Mannophryne herminae
- Conservation status: Near Threatened (IUCN 3.1)

Scientific classification
- Kingdom: Animalia
- Phylum: Chordata
- Class: Amphibia
- Order: Anura
- Family: Aromobatidae
- Genus: Mannophryne
- Species: M. herminae
- Binomial name: Mannophryne herminae (Boettger, 1893)
- Synonyms: Prostherapis herminae Boettger, 1893; Colostethus herminae Edwards, 1971; Colostethus trinitatus herminae Rivero, 1984; Mannophryne herminae La Marca, 1994;

= Mannophryne herminae =

- Authority: (Boettger, 1893)
- Conservation status: NT
- Synonyms: Prostherapis herminae Boettger, 1893, Colostethus herminae Edwards, 1971, Colostethus trinitatus herminae Rivero, 1984, Mannophryne herminae La Marca, 1994

Species of frog

Mannophryne herminae is a species of frog in the family Aromobatidae. It is endemic to Venezuela.

==Habitat==
This diurnal frog lives near narrow streams that run through in forests on mountains and in lowlands. It can survive in primary forest, secondary forest, and on coffee and cocoa plantations that have sufficient shade. Scientists have seen the frog between 0 and 1200 meters above sea level.

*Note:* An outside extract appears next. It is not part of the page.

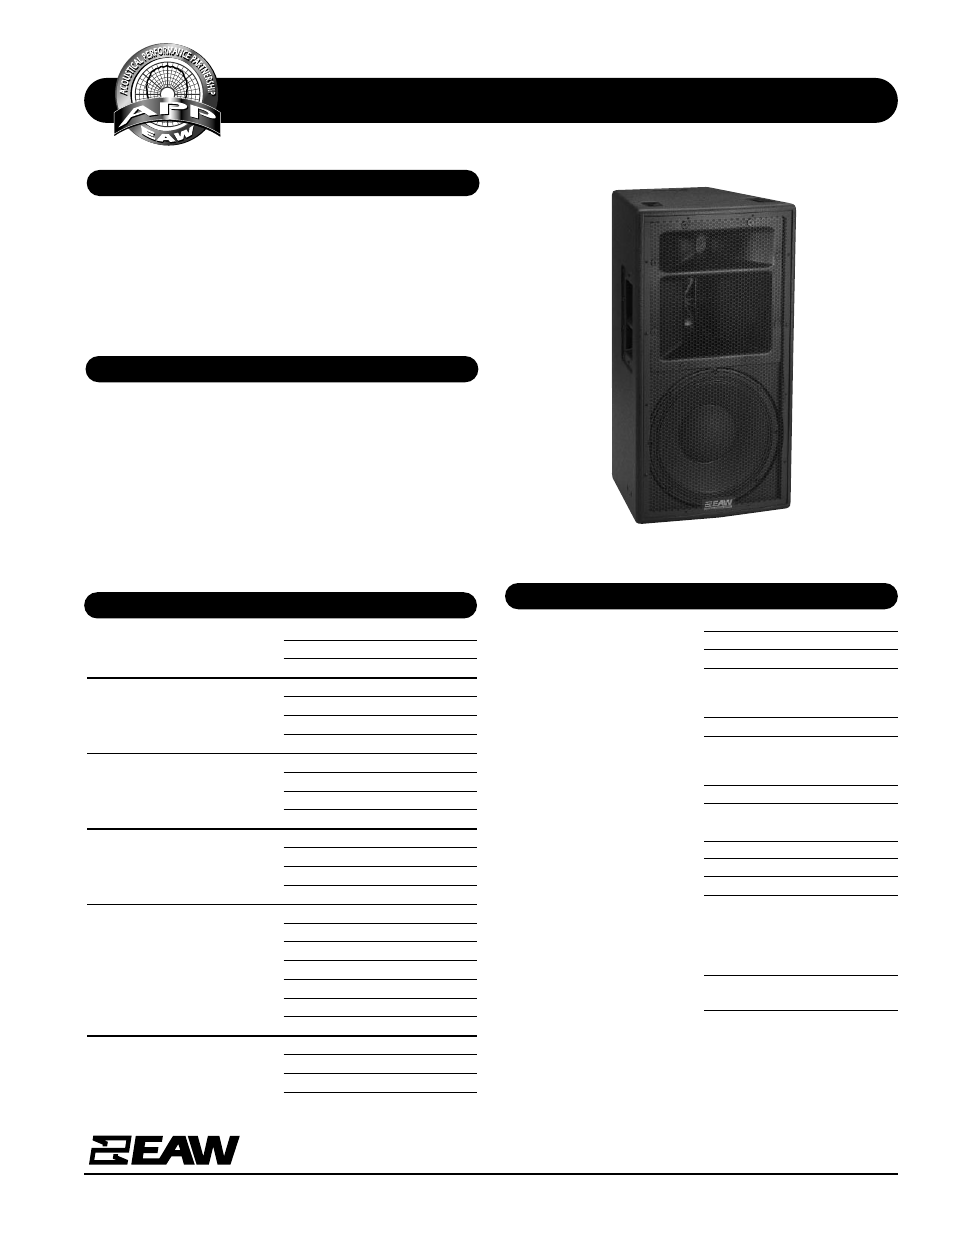 eaw kf300z user manual 2 pages rh manualsdir com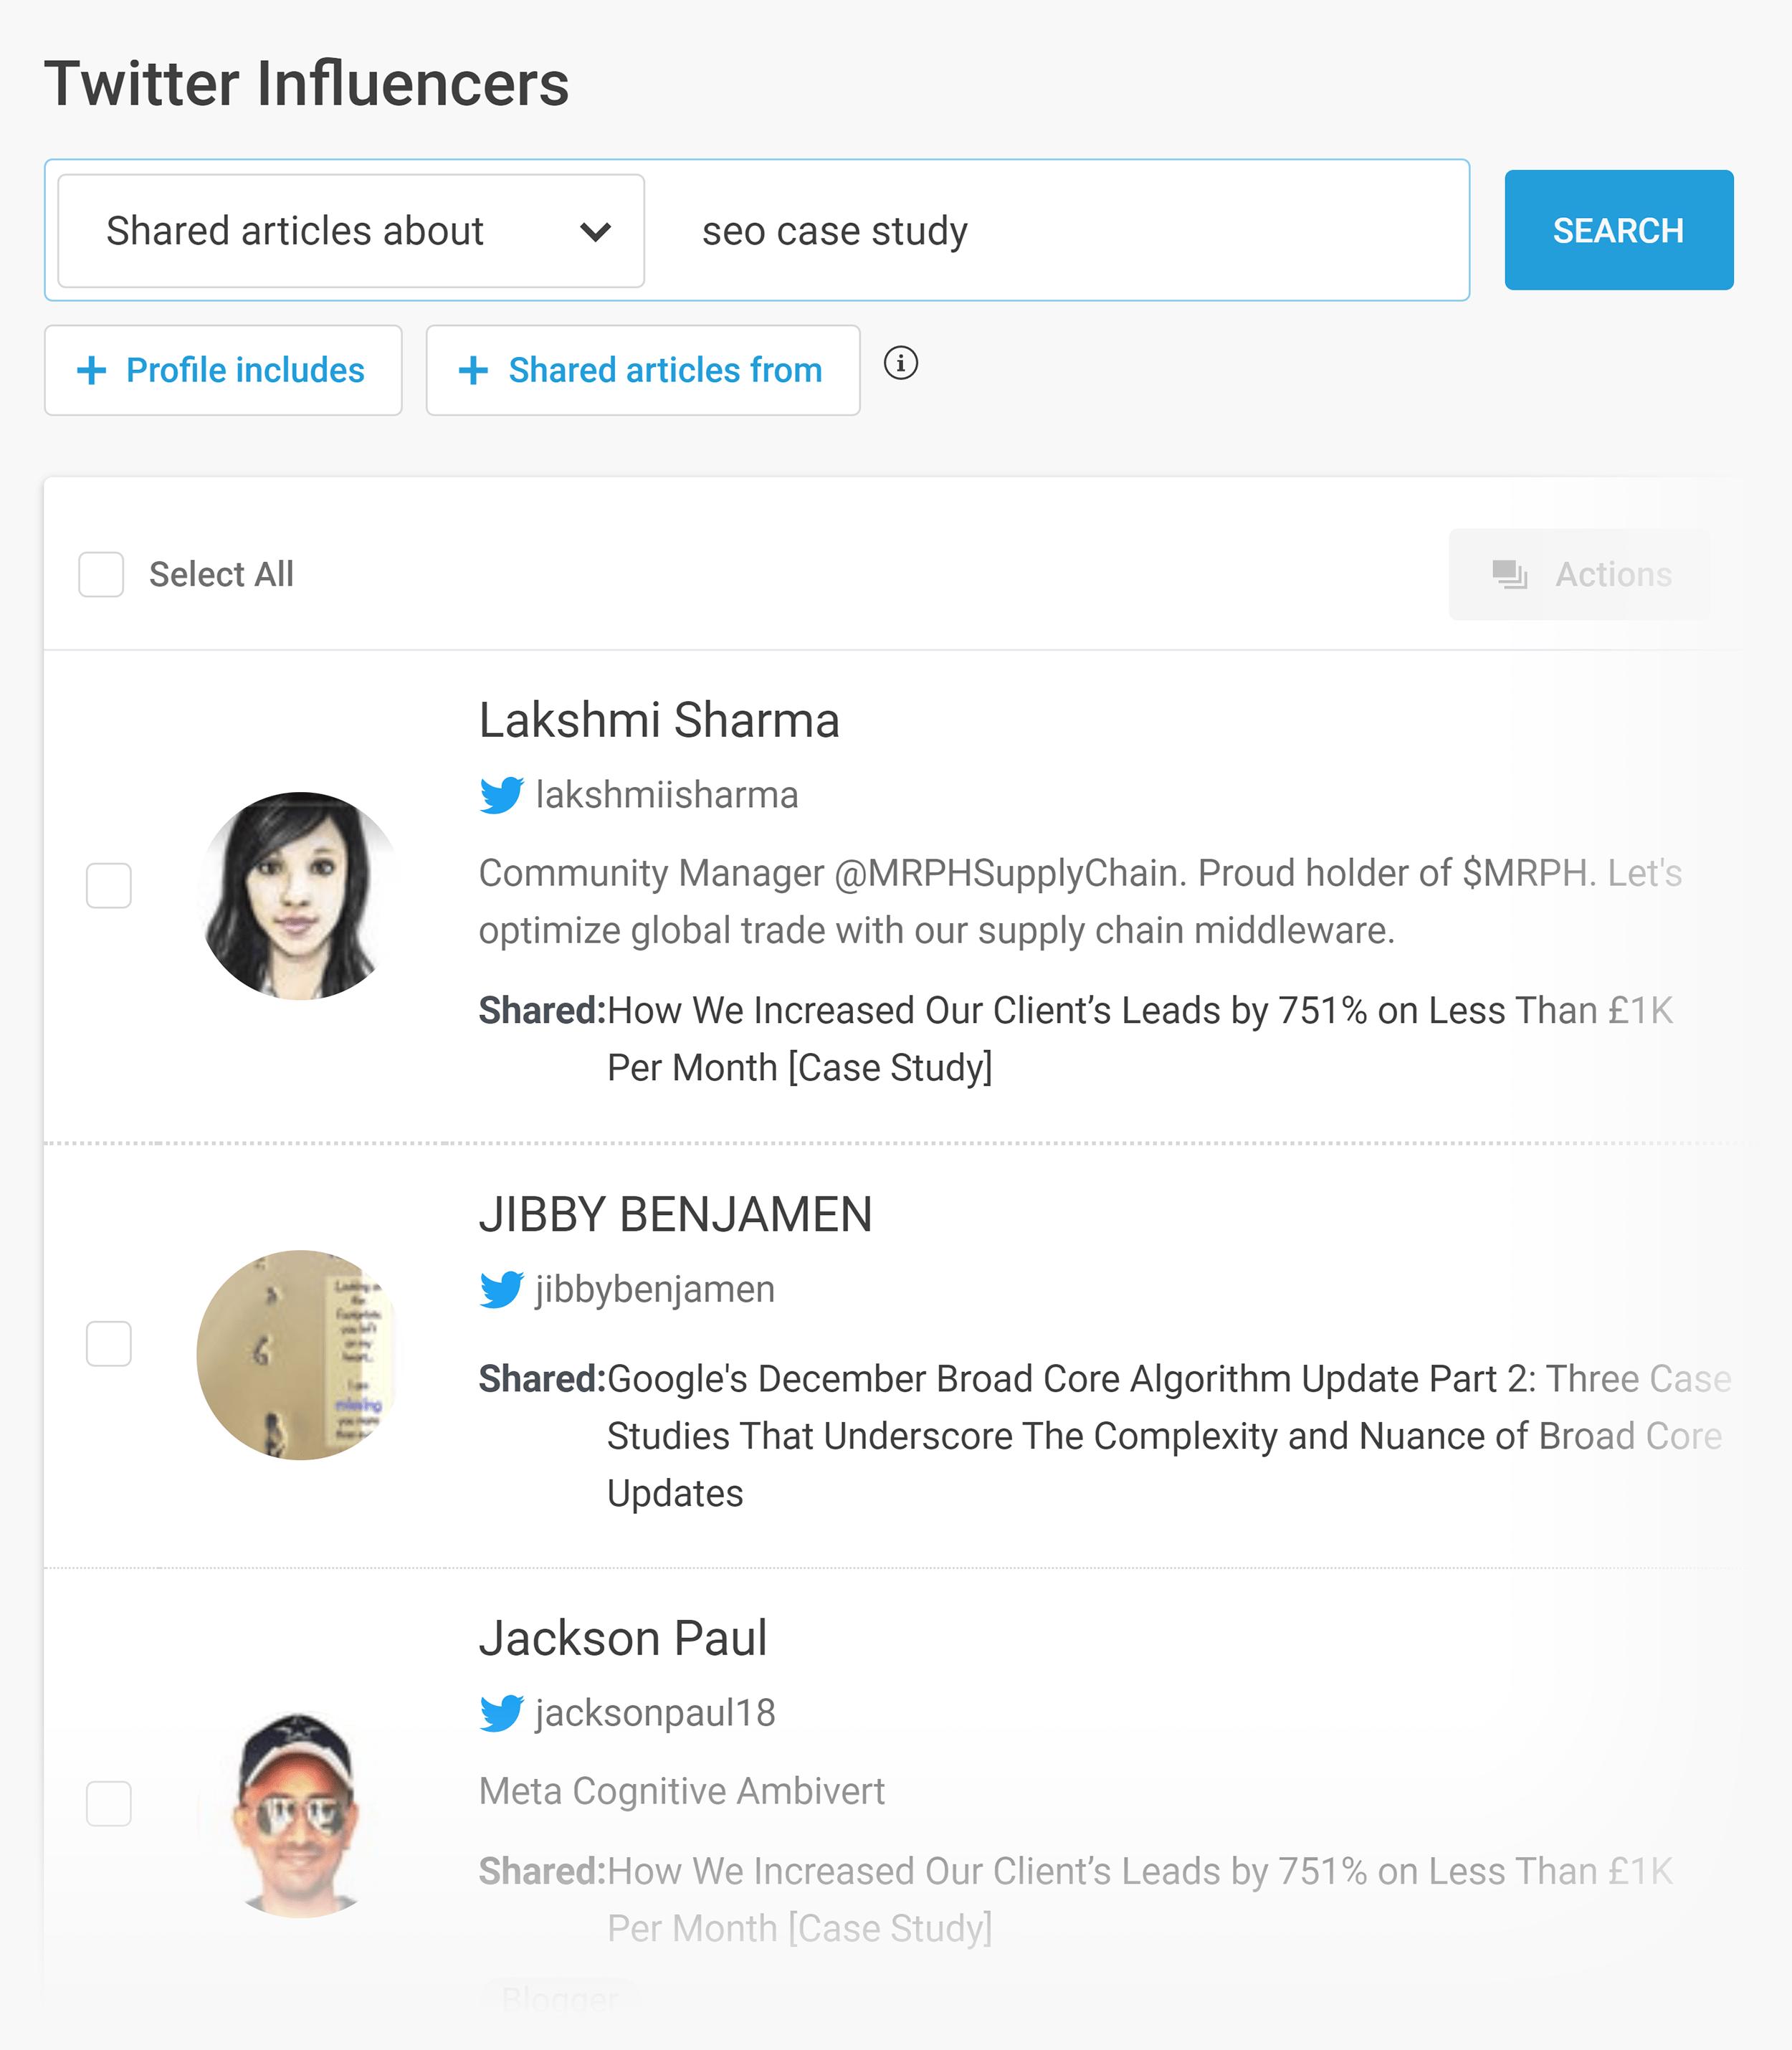 Buzzsumo – Influencers – Twitter – SEO case study

There are two national parks in the frog's range: San Esteban National Park and Henri Pittier National Park.

==Reproduction==
The male frogs perch on rocks near streams and call to the female frogs. The female frogs exhibit some territorial behavior. The female frogs lay eggs in the leaf litter near streams. After the eggs hatch, the male frogs carry the tadpoles to ponds in the streams.

==Threats==
Mannophryne herminae is classified as Near Threatened (NT) on both the IUCN Red List and Venezuelan Fauna Red List. It is threatened by habitat loss associated with human-set fires, unrestricted tourism, and forest conversion to agriculture and urban areas. Venezuela does not always enforce the laws that it has in place to protect these forests.

Scientists have reported the fungus Batrachochytrium dendrobatidis in the area but surveys did produce any infected Mannophyrne herminae. Scientists believe the frog might have some resistance to the fungal disease chytridiomycosis.